= INSTRUCTIONS TO FOLLOW =
Would you transcribe the records below exactly, omitting every picture?

= DATA TO PROCESS =
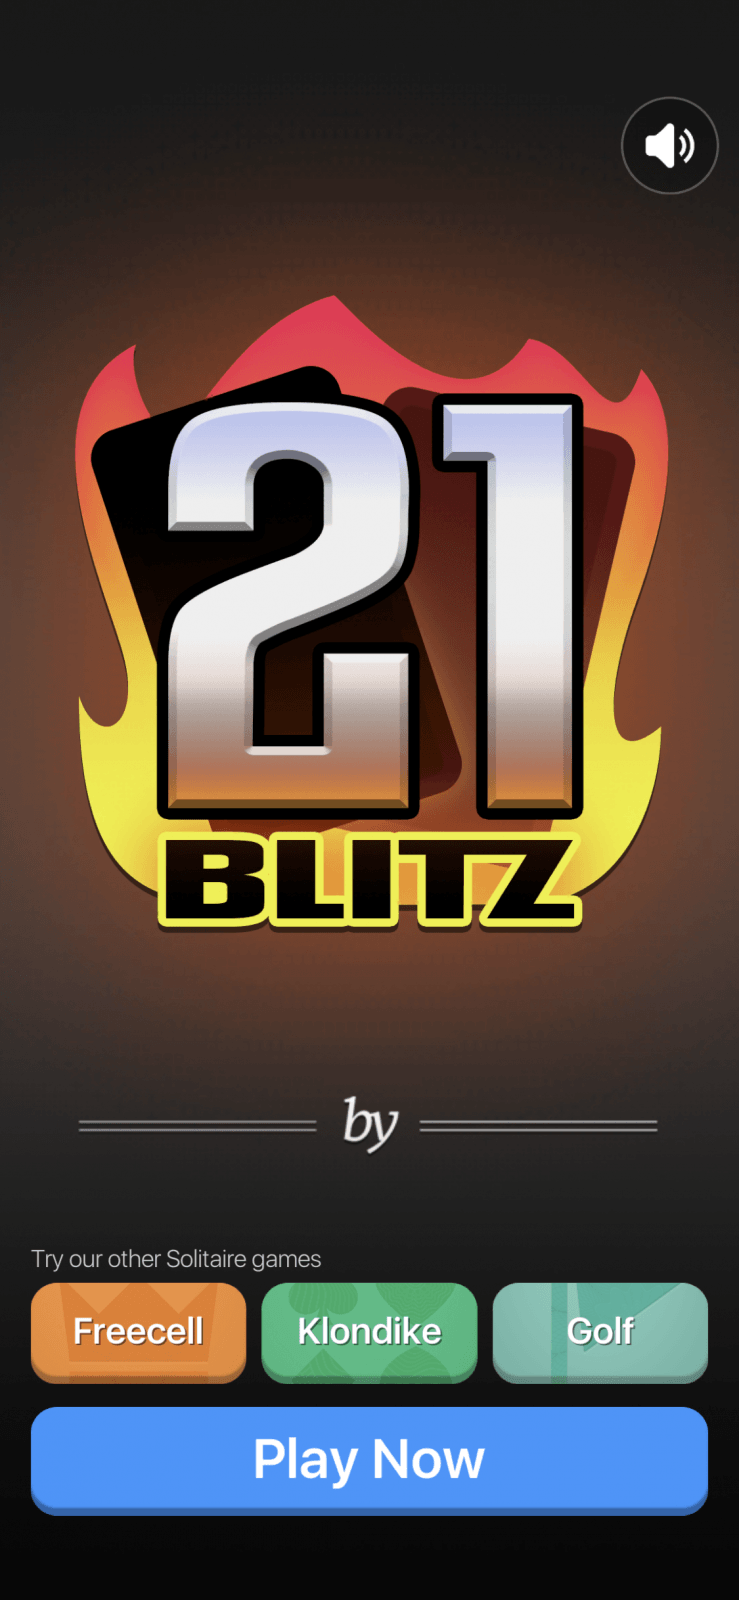 21 Blitz
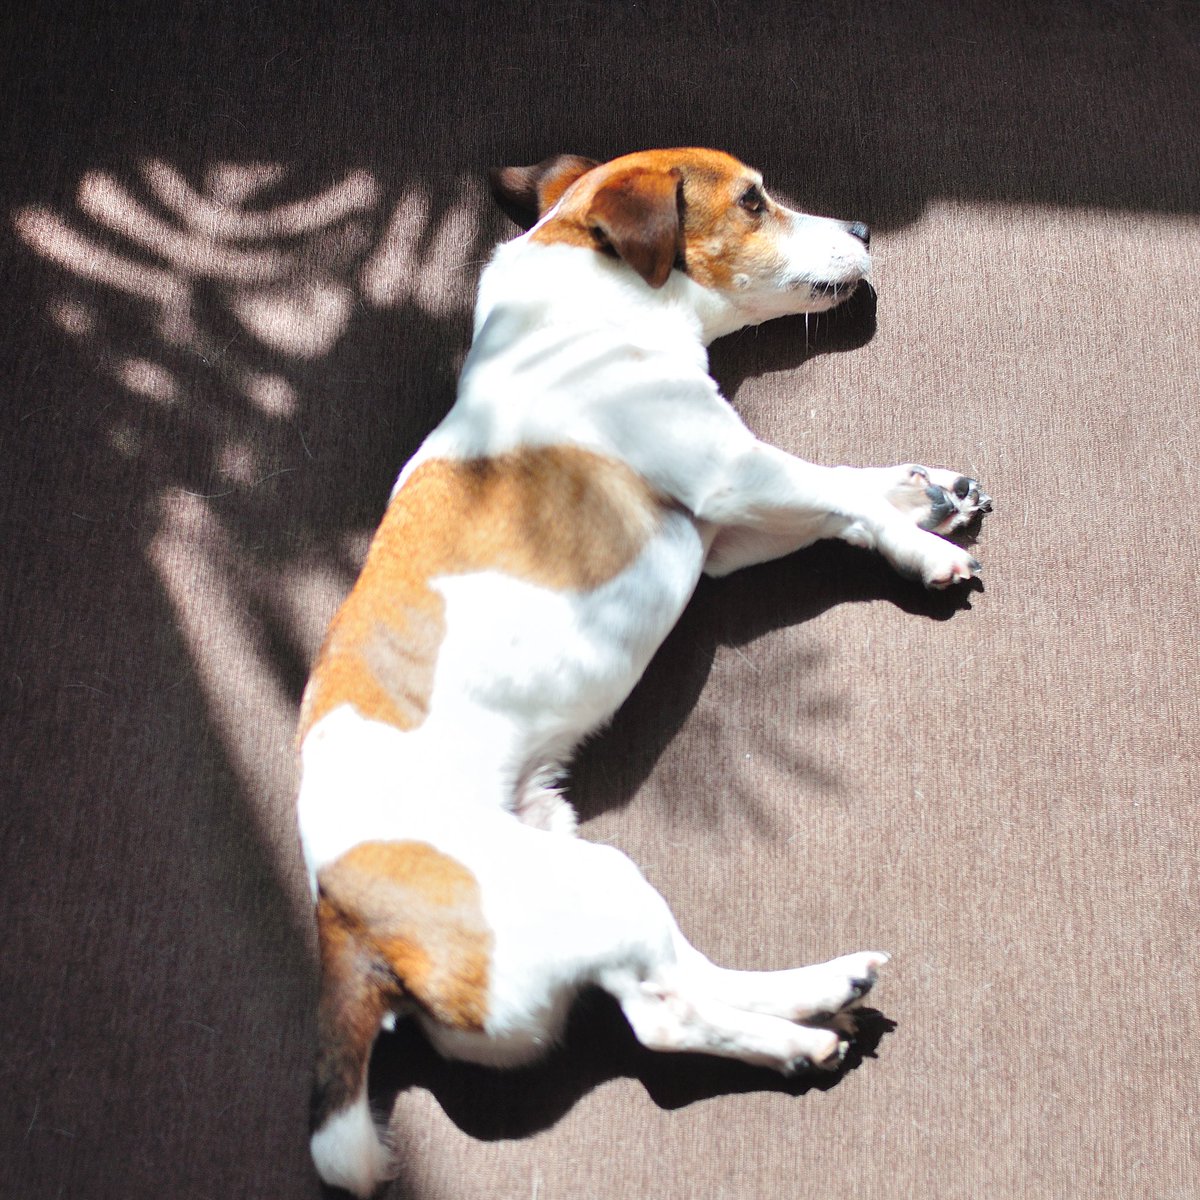 ポリネシアン柄のような影の中に横たわるイヌ

#ジャックラッセルテリア 
#jackrussellterrier
#nikon 
#dog 
#犬
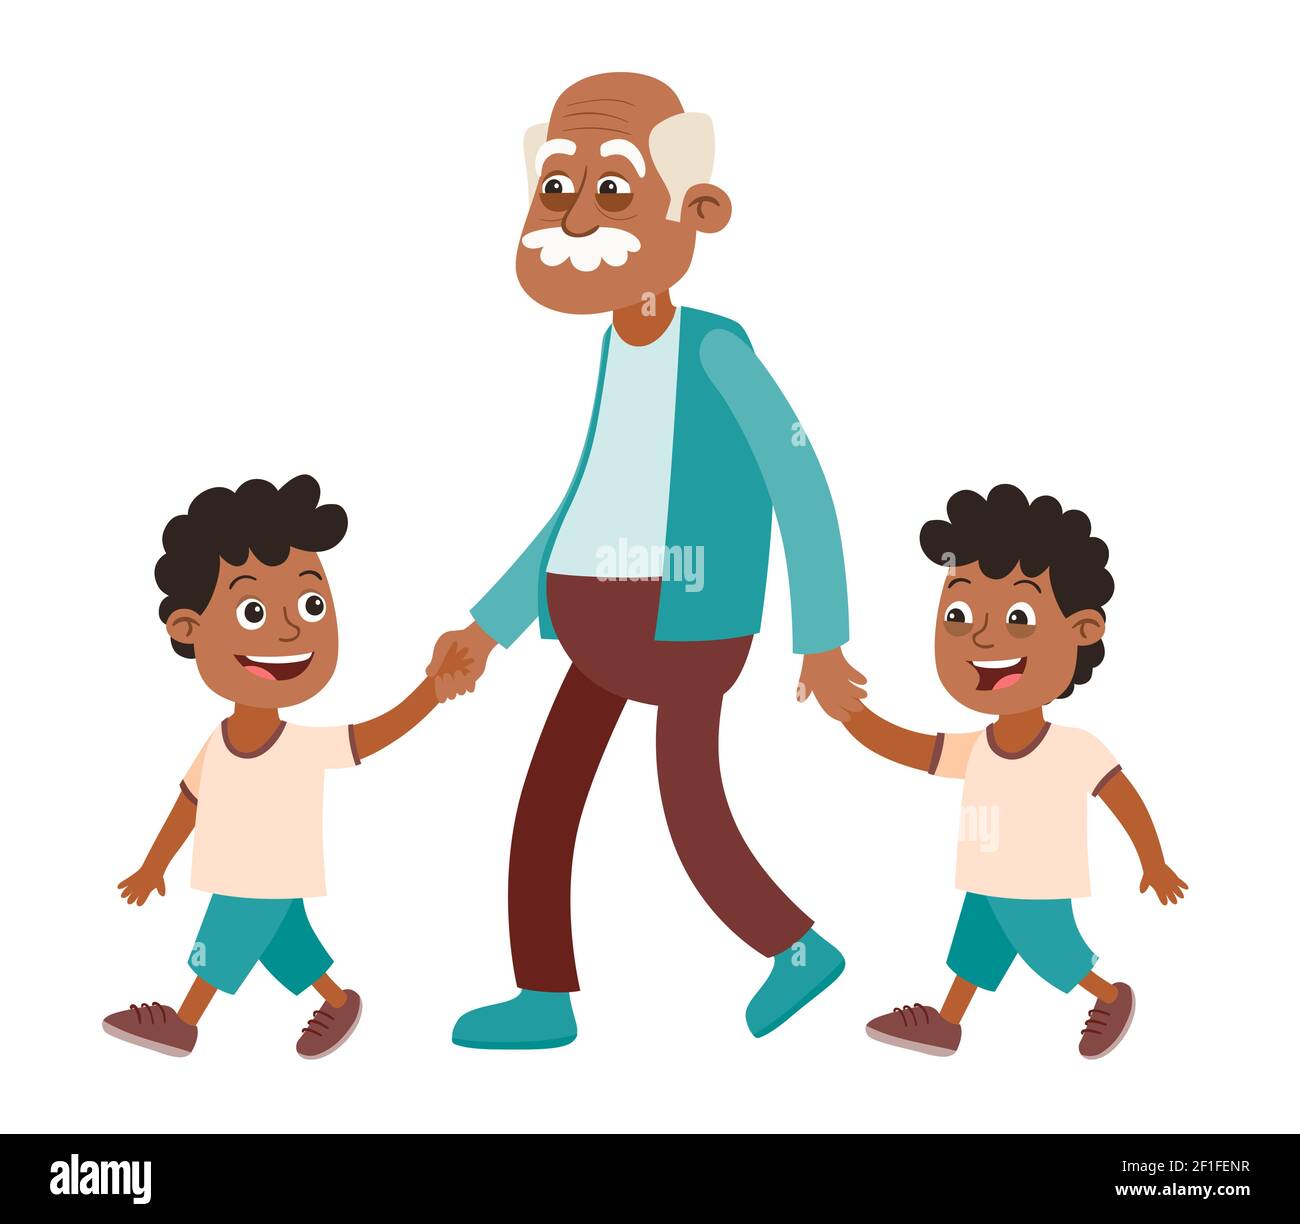 Grand-père avec ses petits-enfants marchant. Deux garçons, lits jumeaux. Il les prend par la main. Style de dessin animé, isolé sur fond blanc. Illustration vectorielle Illustration de Vecteur
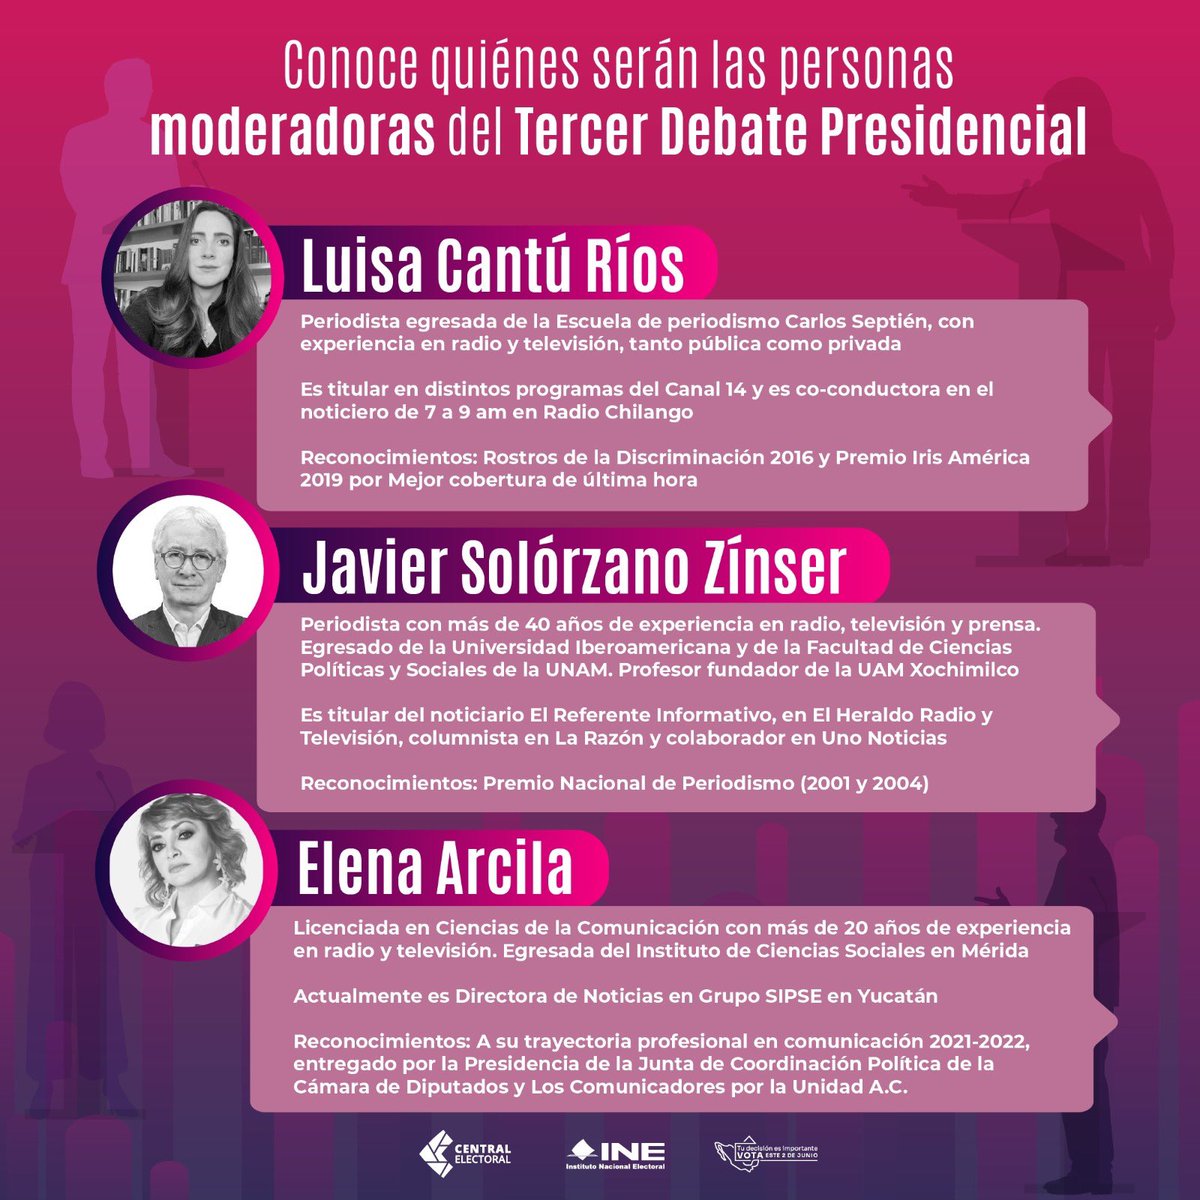 #ALMOMENTO | El #INE aprueba a Luisa Cantú Ríos, Elena Arcila y Javier Solórzano Zínser como los moderadores del tercer debate presidencial

= ANSWER FOR THIS EXERCISE =
 21 Blitz
 ポリネシアン柄のような影の中に横たわるイヌ

#ジャックラッセルテリア 
#jackrussellterrier
#nikon 
#dog 
#犬
 Grand-père avec ses petits-enfants marchant. Deux garçons, lits jumeaux. Il les prend par la main. Style de dessin animé, isolé sur fond blanc. Illustration vectorielle Illustration de Vecteur
 #ALMOMENTO | El #INE aprueba a Luisa Cantú Ríos, Elena Arcila y Javier Solórzano Zínser como los moderadores del tercer debate presidencial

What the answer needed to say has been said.